Decoding of entropy-coded data can AFAIK be done in parallel in about O( (log N)^2) time for N bits with a variant of the technique called 'parallel prefix computation'. I think the hardware cost is about O(N*S + N^2*log M) where S is the size of the symbol table and M is the maximum number of symbols that can be decoded in one go (if you use different symbol tables for different symbols, you will additionally need to multiply this hardware cost with the number of symbol tables that you use)
The idea: First, for every bit position, assume that a symbol starts there and compute how long that symbol would be. Then, for each bit position, look up the size of the 'next' symbol, so that for each bit position we get the sum of the 2 next symbols from that position. Repeat the procedure again (adding two sums) to get the length of the 4, then 8, then 16 etc next symbols.
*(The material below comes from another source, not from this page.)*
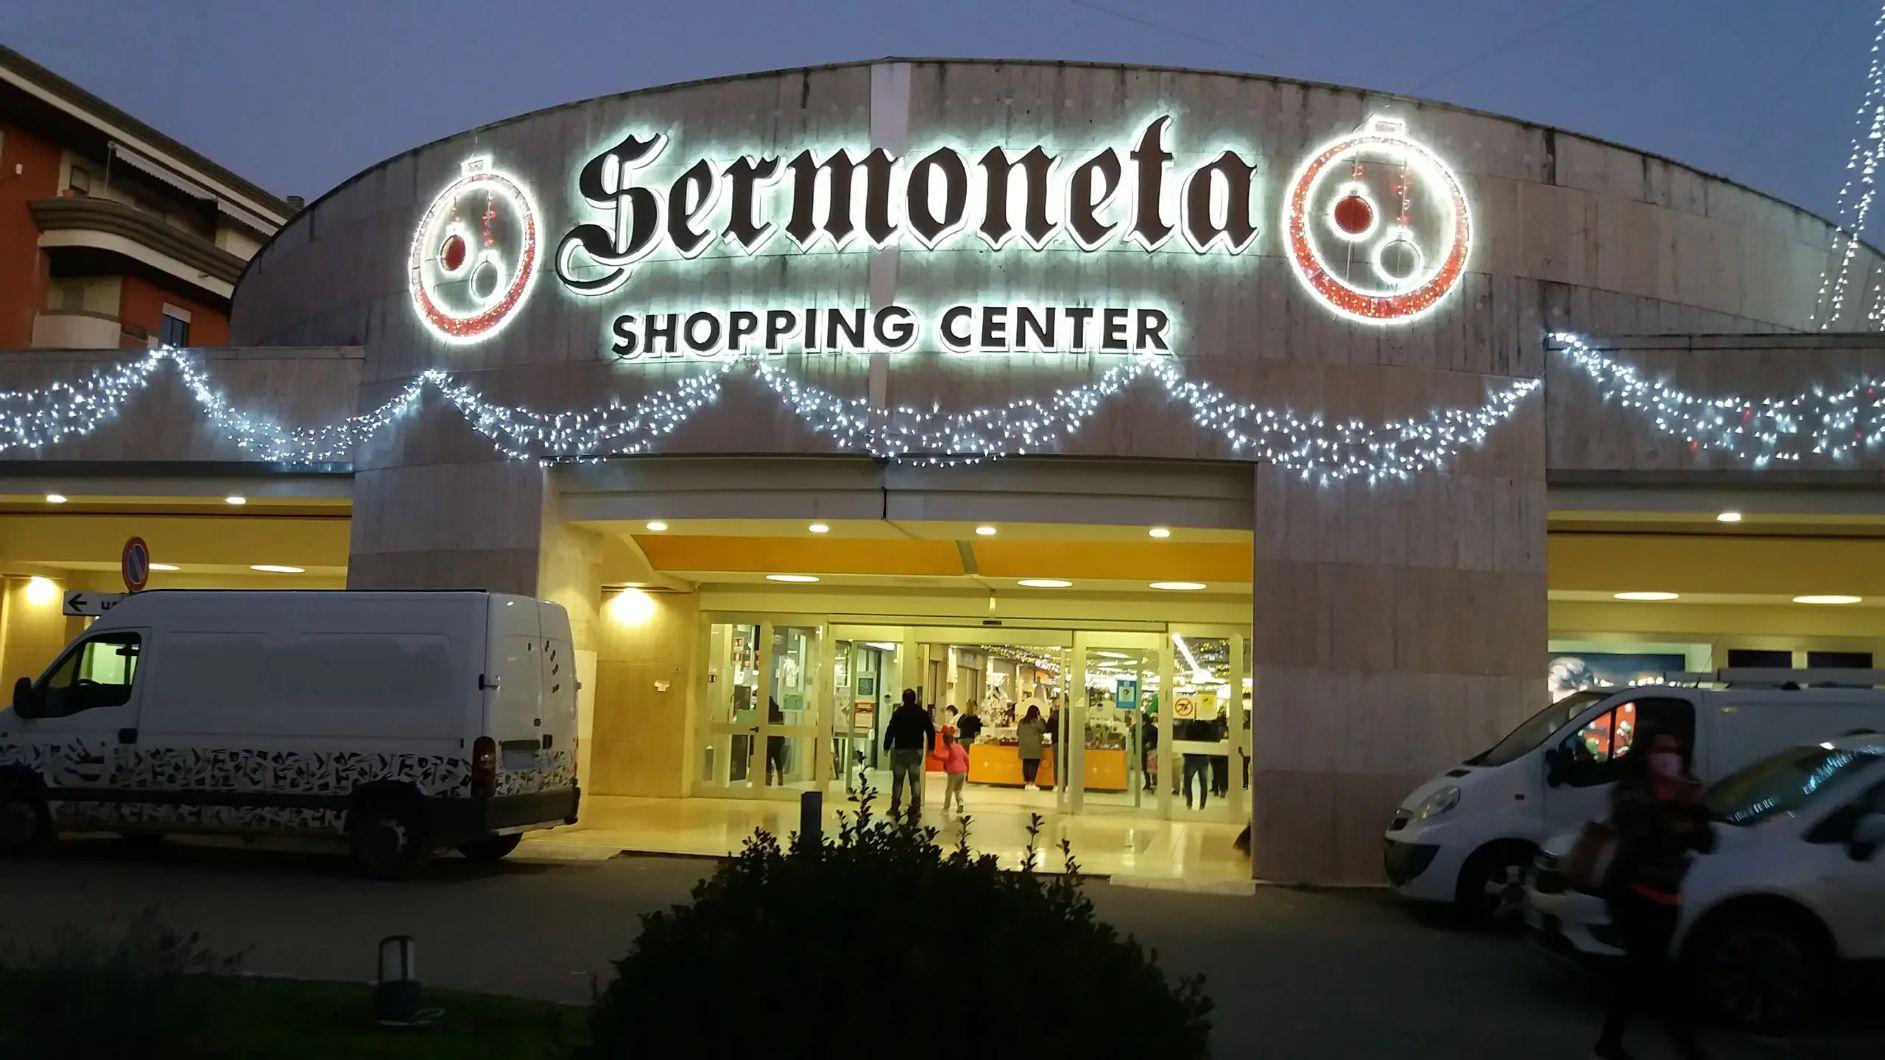 Conversione da Neon a Led Latina, C.C. Sermoneta Shopping Center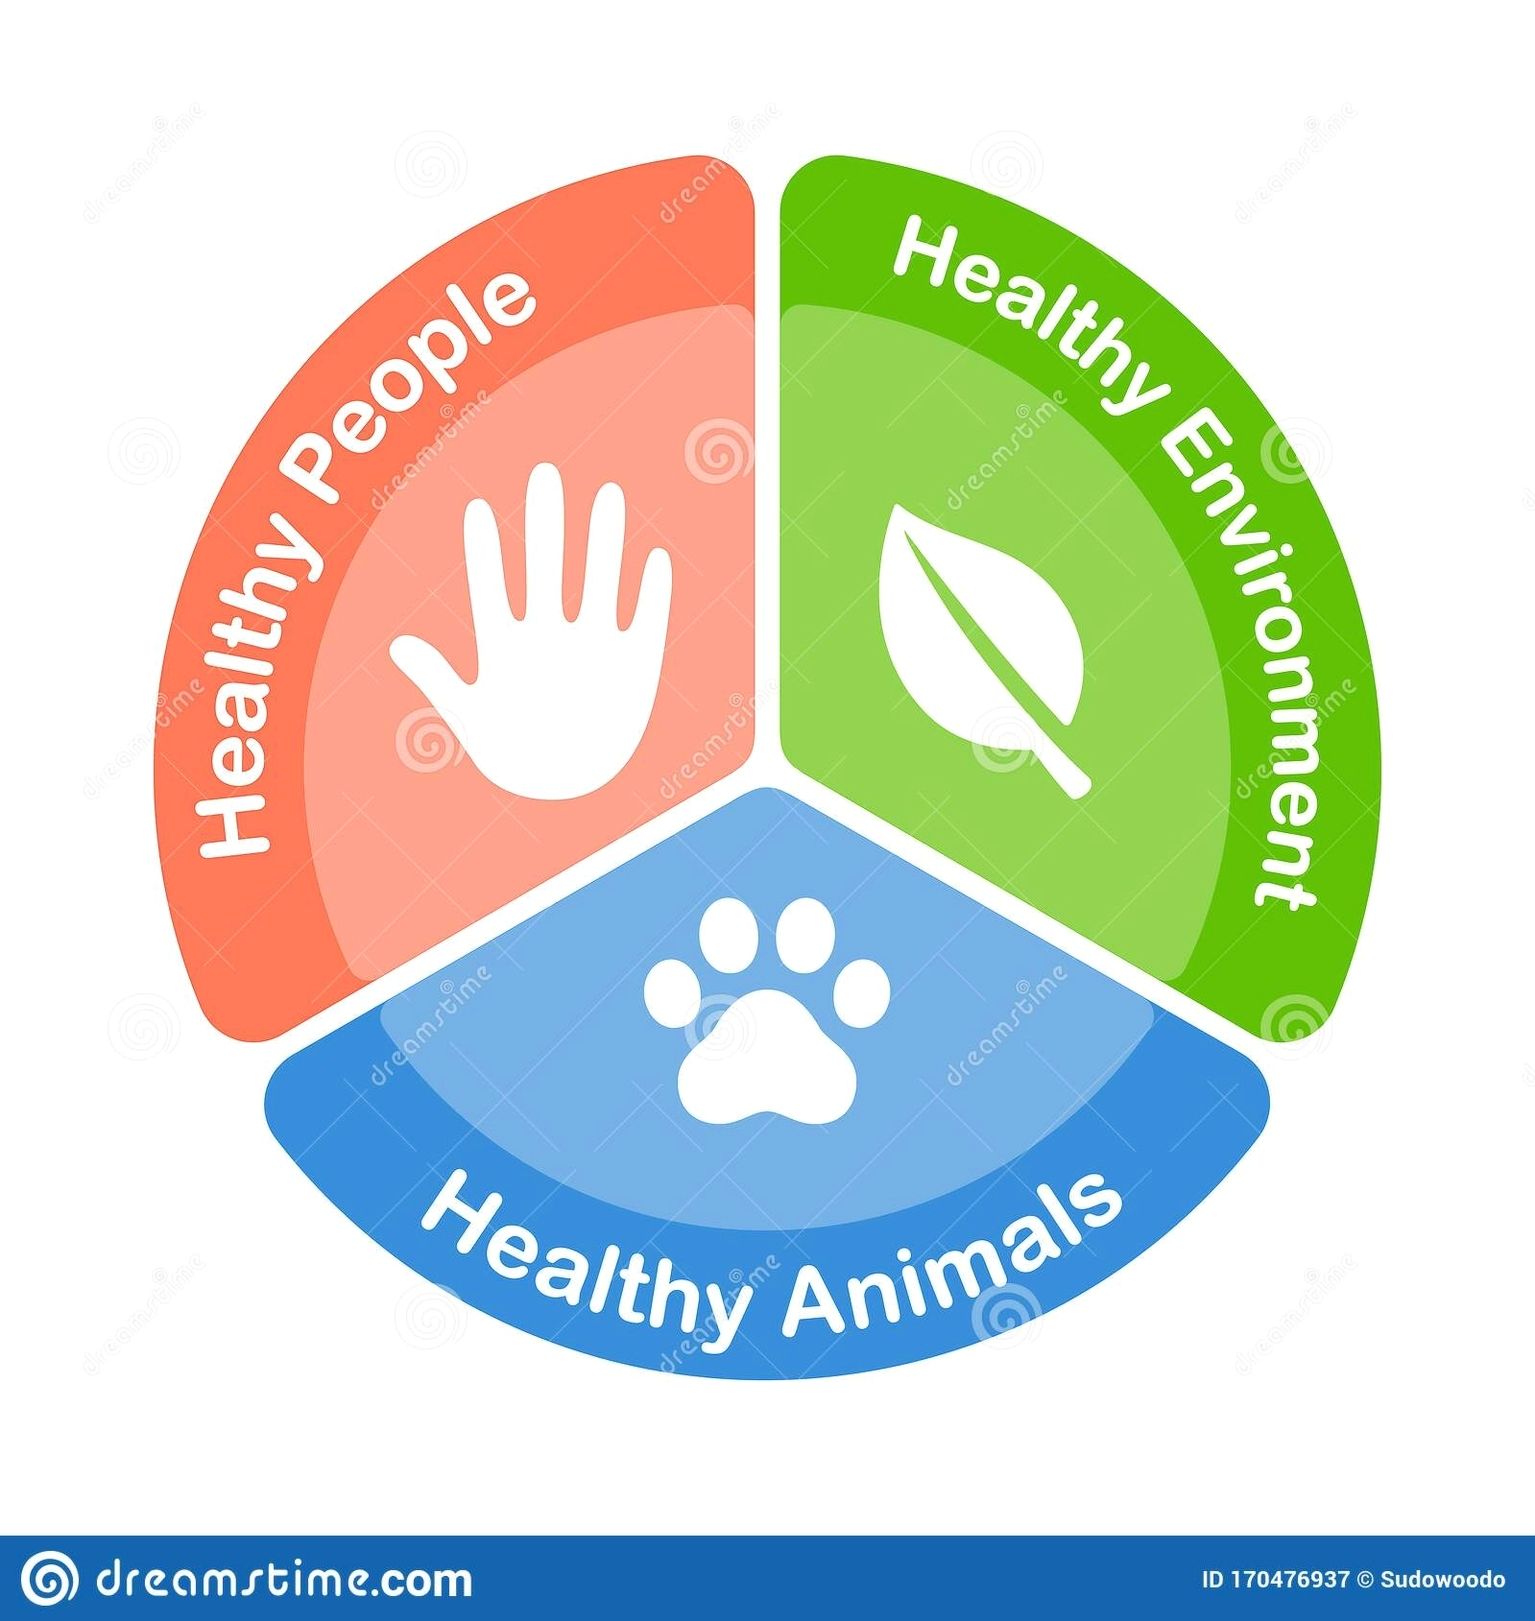 Health People Environment Animals

Now, at bit position 0 you will have generated pointers to symbol 0,1,2,4,8,16 etc; from each of these pointers, you can collect pointers to symbols n+1, n+2, n+4, n+8 etc, recursively until you have covered all symbols; you can this way collect pointer to ALL symbols in log(M) stages.
For texture compression, this approach is WAAY too heavy to allow data to be stored compressed in an L1 texture cache; it may be usable for an L2 cache.
I think some x86 CPUs use algorithms similar to this to enable fast parallel decoding of the instruction set's obnoxious variable-length instruction format.